齐齐举杯为苑俟庆寿。
桃花笑醉是白家珍藏百年的古酒,平常人喝一杯只怕就会容易醉倒,但是,苑俟一行人毕竟是出身品酒世家,大家微微有些醉意,那感觉,是恰到好处的醉意,让人有意想不到的美妙境界。
酒过三巡,白约的脸上隐约浮上一点醉意,借着酒劲,她瞪着林青问:“青,不瞒你说,我一直都很想知道闻家兄弟跟你是有着怎样的纠葛,你快说说,那闻二公子是怎么陷害煊成的,等有朝一日,我帮他讨回公道去!”
苑鹞知道白约的性子,见她嘴里说话没遮拦,不由微微蹙起眉头,偷偷望了一眼苑俟,只见他脸上没有什么特别的表情,依然是一脸温和地微笑着。
林青见白约提起闻煊景,想起他让自己吃过的那些苦头,不由血气涌上,咬牙切齿道:“这闻煊景嘛,真是一个极坏极坏的大坏蛋!”此时的她已经微微有几分醉意,当着苑俟的脸,她也不避嫌,只想痛快地发泄自己对闻煊景的厌恶,她把事情的起因经过一一详细地道来。
白约听后,一拍桌子,怒道:“这个人实在太可恶了,虽然说他是我小叔子,可我哪天如果见到他,非要给他一顿教训不可!”
“对对!白约姐姐,你的武功好,一定要帮我出这口恶气!”林青趁机煽风点火,“我上次被他捉住,莫名其妙地问我锦盒的事情,我没有如实相告,他居然用金刚刺来刺我的麻穴,让我吃了不少苦头。后来居然还对我……”说到这里,林青这才惊觉自己说了不该说的话,不由满脸绯红。
“他对你怎么啦?”白约焦急地问,那眼神掩饰不住的关切。
“没什么,总之他就是可恶!”林青偷偷瞄了苑俟一眼,讪讪地说。还好,苑俟只是若有所思地蹙起眉头,他脸上倒是没有什么醋意或者怒意。
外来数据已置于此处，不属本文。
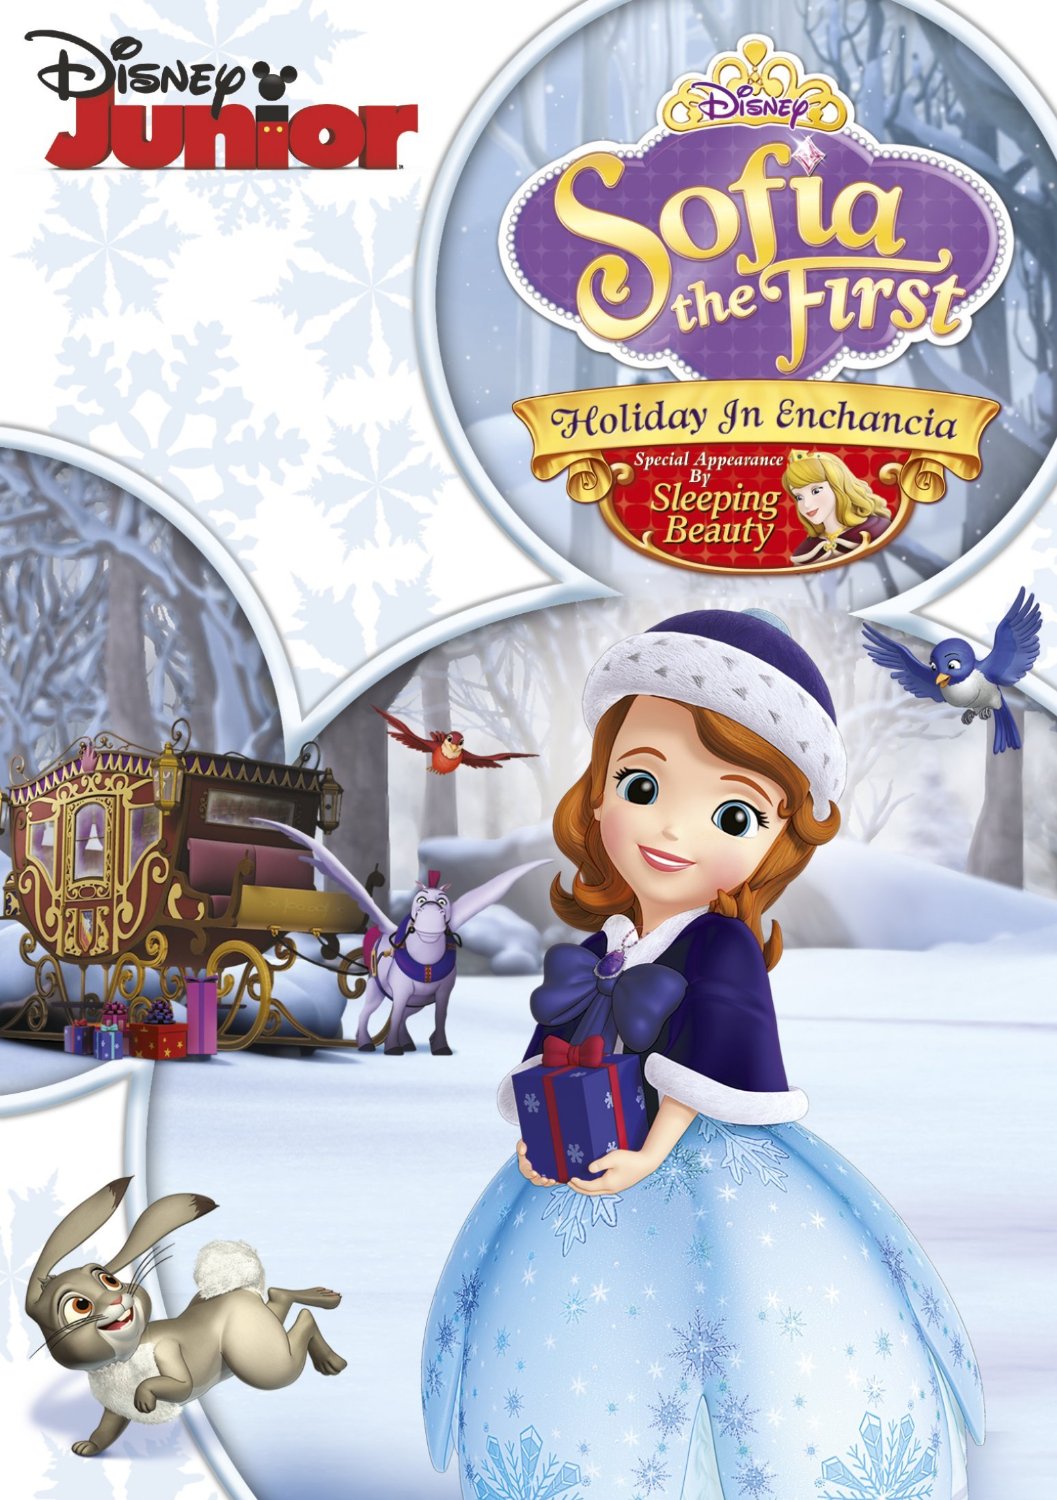 Sofia The First: Holiday In Enchancia (DVD)

“锦盒?那个锦盒里倒底有什么东西?闻煊景要那破烂锦盒干嘛了?难道又是酒的配方?”白约好奇地问。
没等林青回答,苑俟突然说:“配方倒不是,却是林家一件传家宝,白姐姐万勿声张,若传出来林青的好日子到头不说,苑府也要跟着受牵连。”
白约见苑俟说得正经,点头问道:“苑府的奇珍异宝不在少数,难道都比不过林姐姐家这件么?”
“若是比得过,就不叫传家宝了。”苑俟看了林青一眼道。
“是。”林青感激苑俟在外人面前为自己说话向他一笑应道。
“哦,既然如此你放心,我晚什么也没有听到。”白约虽然大大咧咧,并不笨一见二人脸色便知道此物非同小可,连忙应声答道。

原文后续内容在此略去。